Natural gas processing. Some natural gas produced by a well does not meet the pipeline quality specifications established by downstream pipelines or is not suitable for commercial use and must be processed to remove the mixed NGL stream. In addition, some natural gas produced by a well, while not required to be processed, can be processed to take advantage of favorable processing margins. Natural gas processing involves the separation of natural gas into pipeline quality natural gas, or residue gas, and a mixed NGL stream.

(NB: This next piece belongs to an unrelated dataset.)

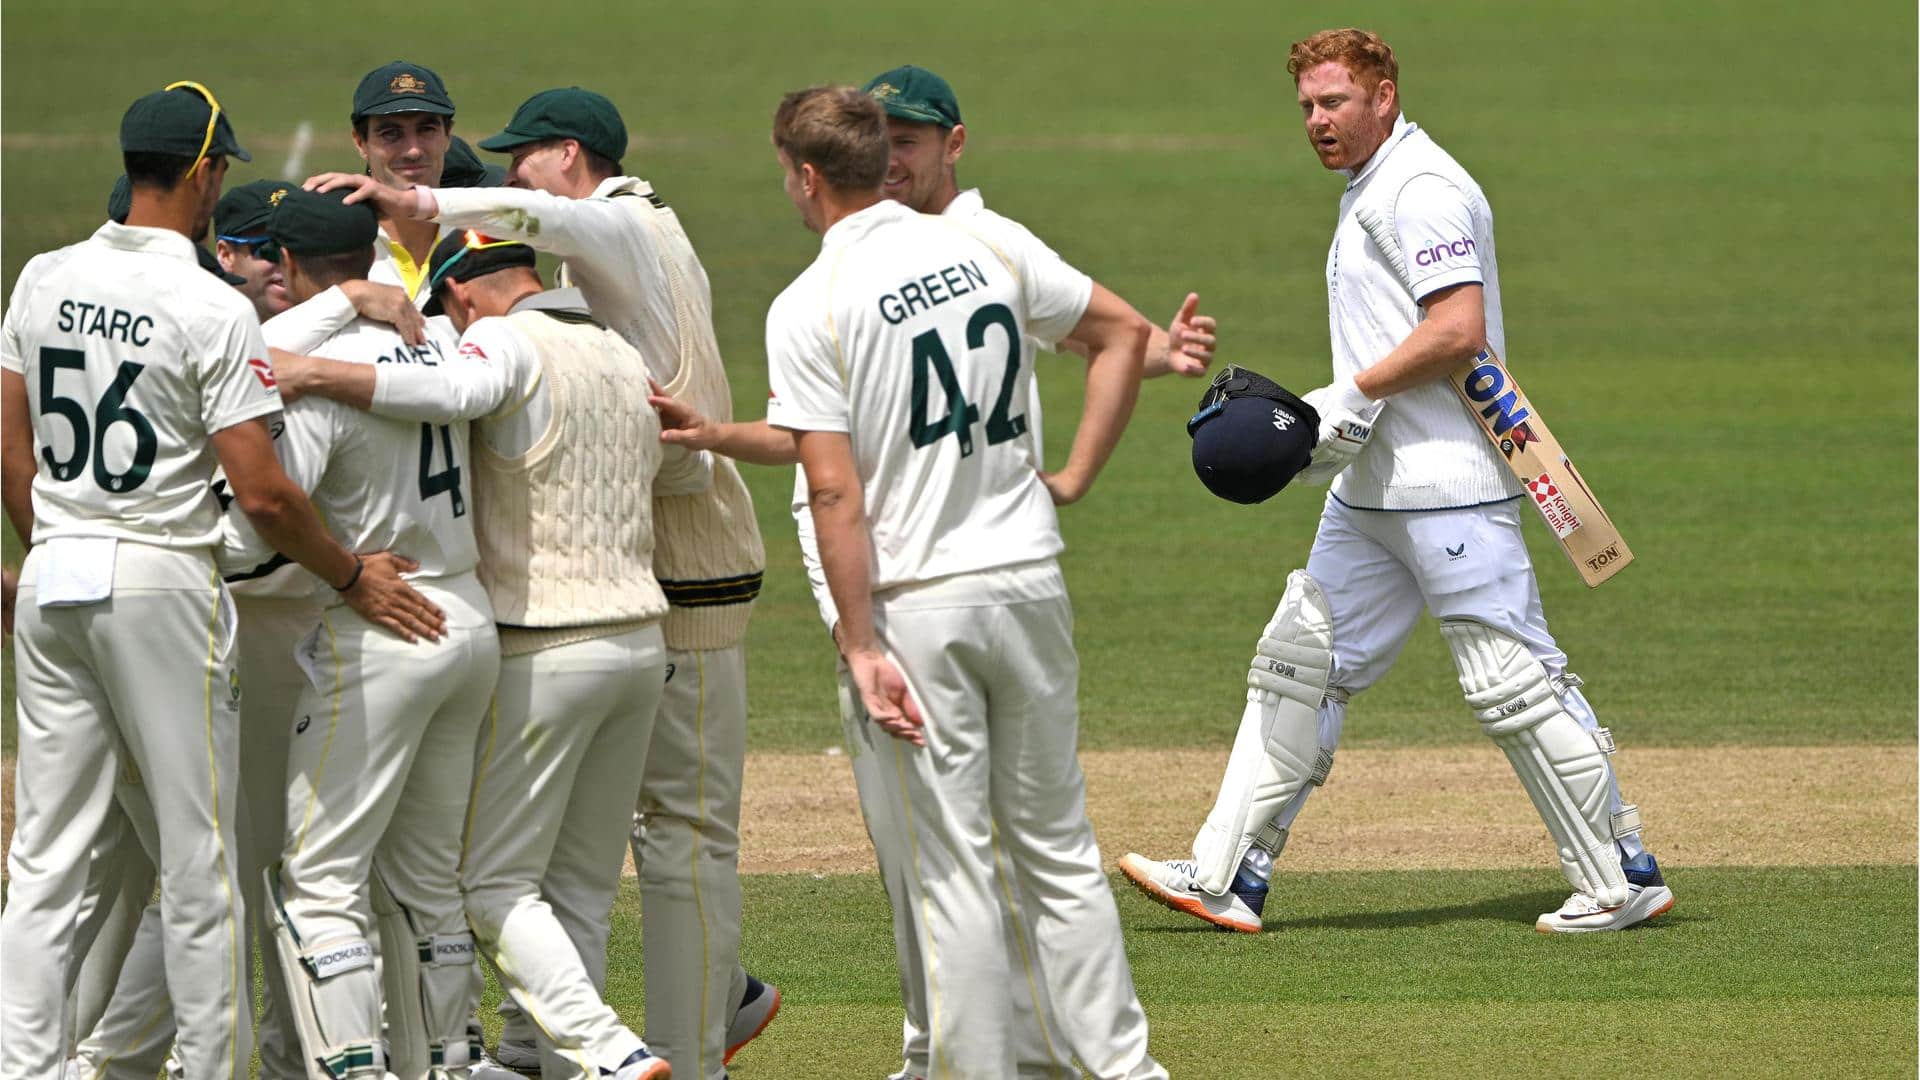 Australia allege 'physical contact' by Lord's members; MCC apologizes: Details
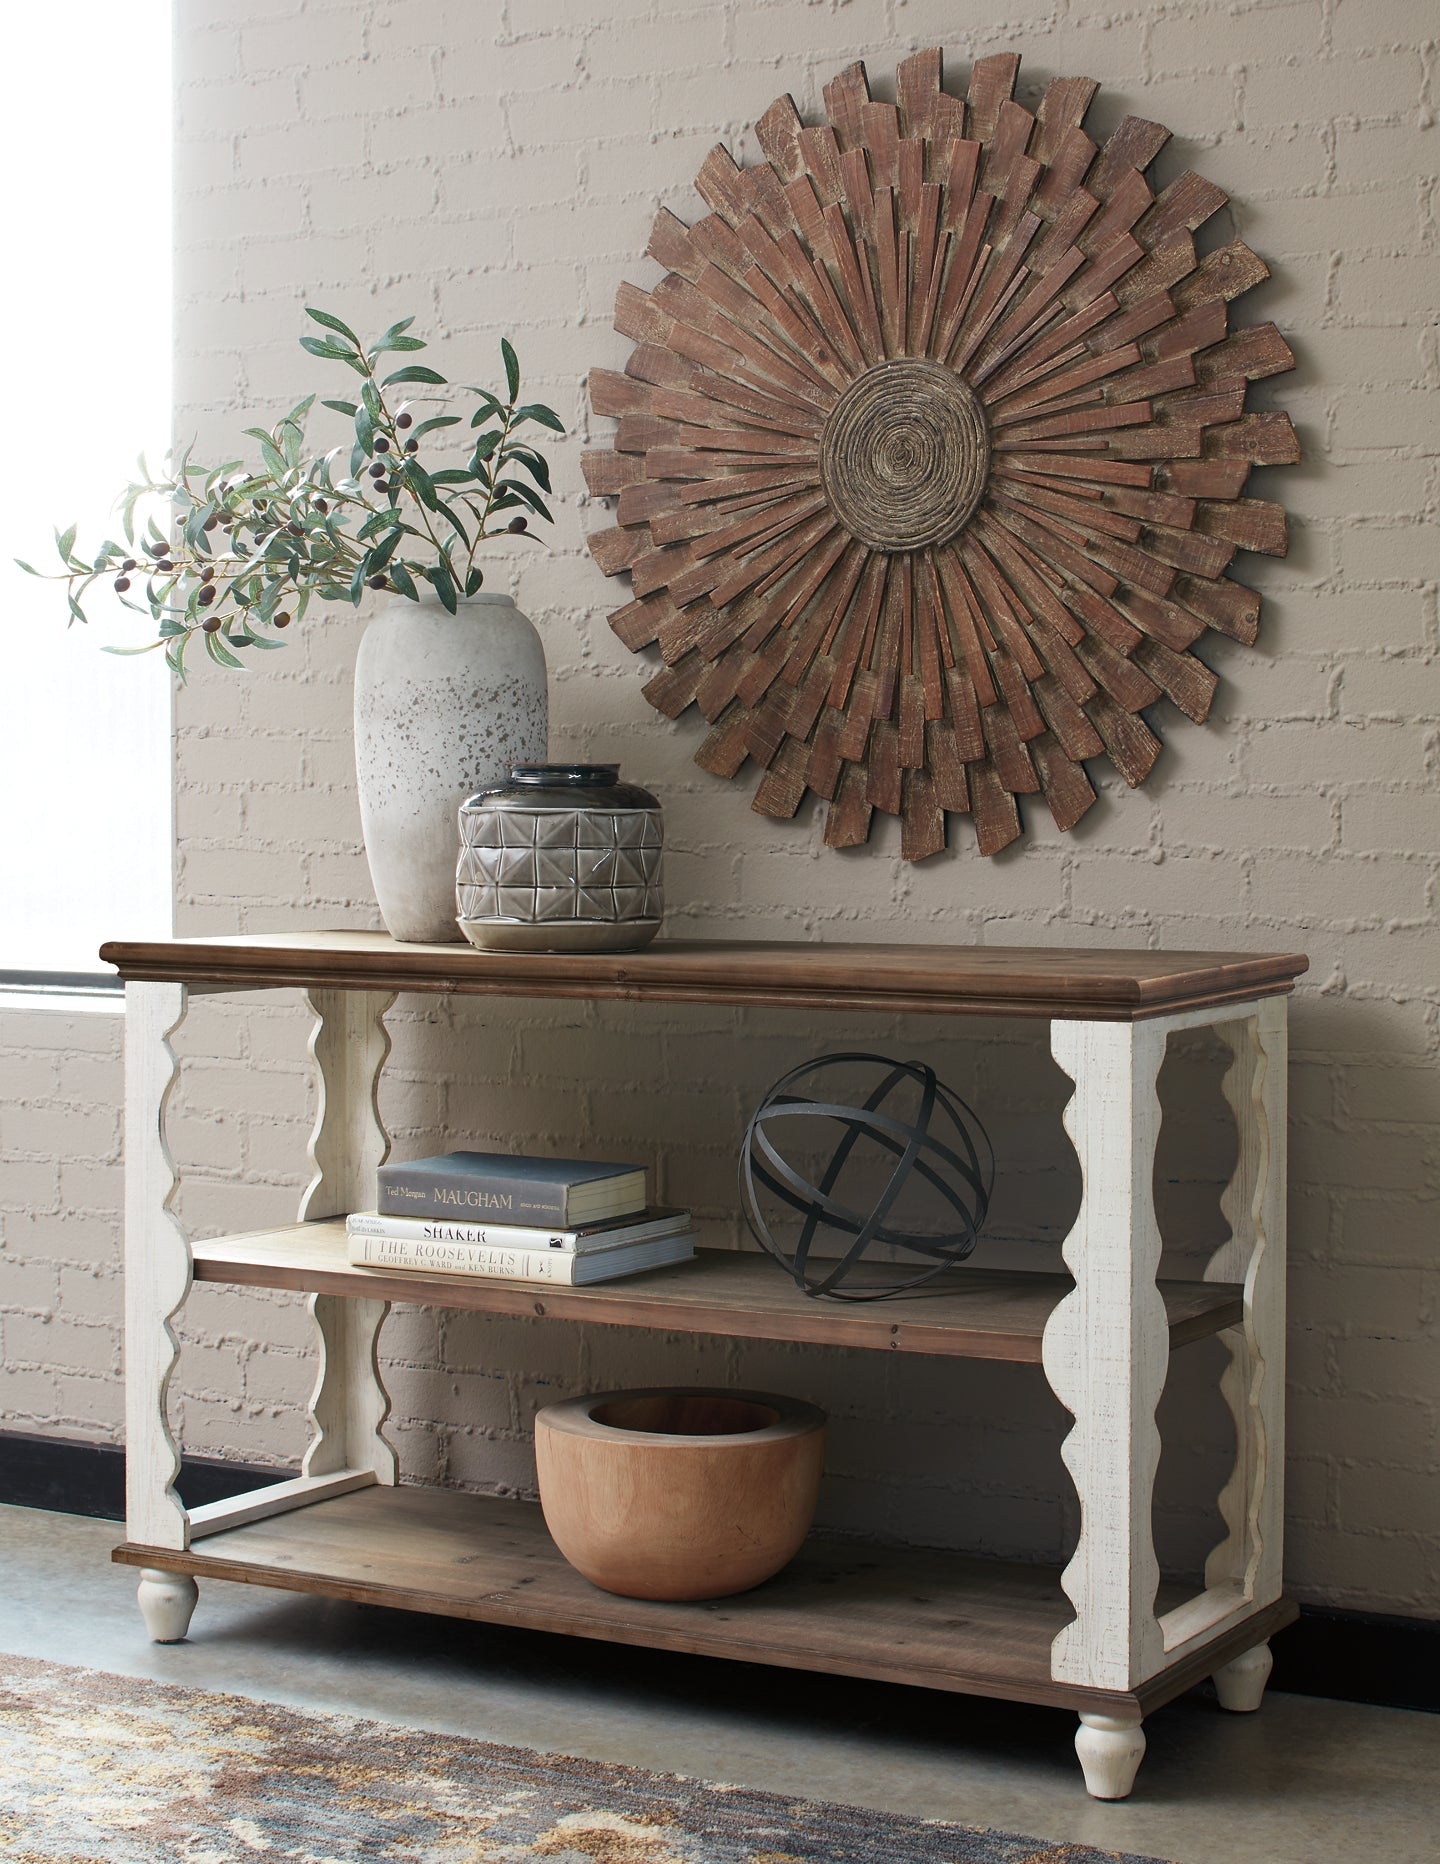 Alwyndale Console Sofa Table Smyrna Furniture Outlet

Natural gas transportation. Natural gas transportation pipelines receive natural gas from other mainline transportation pipelines and gathering systems and deliver the natural gas to industrial end-users, utilities and other pipelines.

Competition

The business of providing natural gas gathering, transmission, treating, transporting, storing and marketing services is highly competitive. Since pipelines are generally the only practical mode of transportation for natural gas over land, the most significant competitors of our transportation and storage segment are other pipelines. Pipelines typically compete with each other based on location, capacity, price and reliability.

We face competition with respect to retaining and obtaining significant natural gas supplies under terms favorable to us for the gathering, treating and marketing portions of our business. Our competitors include major integrated oil companies, interstate and intrastate pipelines and companies that gather, compress, treat, process, transport and market natural gas. Many of our competitors, such as major oil and gas and pipeline companies, have capital resources and control supplies of natural gas substantially greater than ours.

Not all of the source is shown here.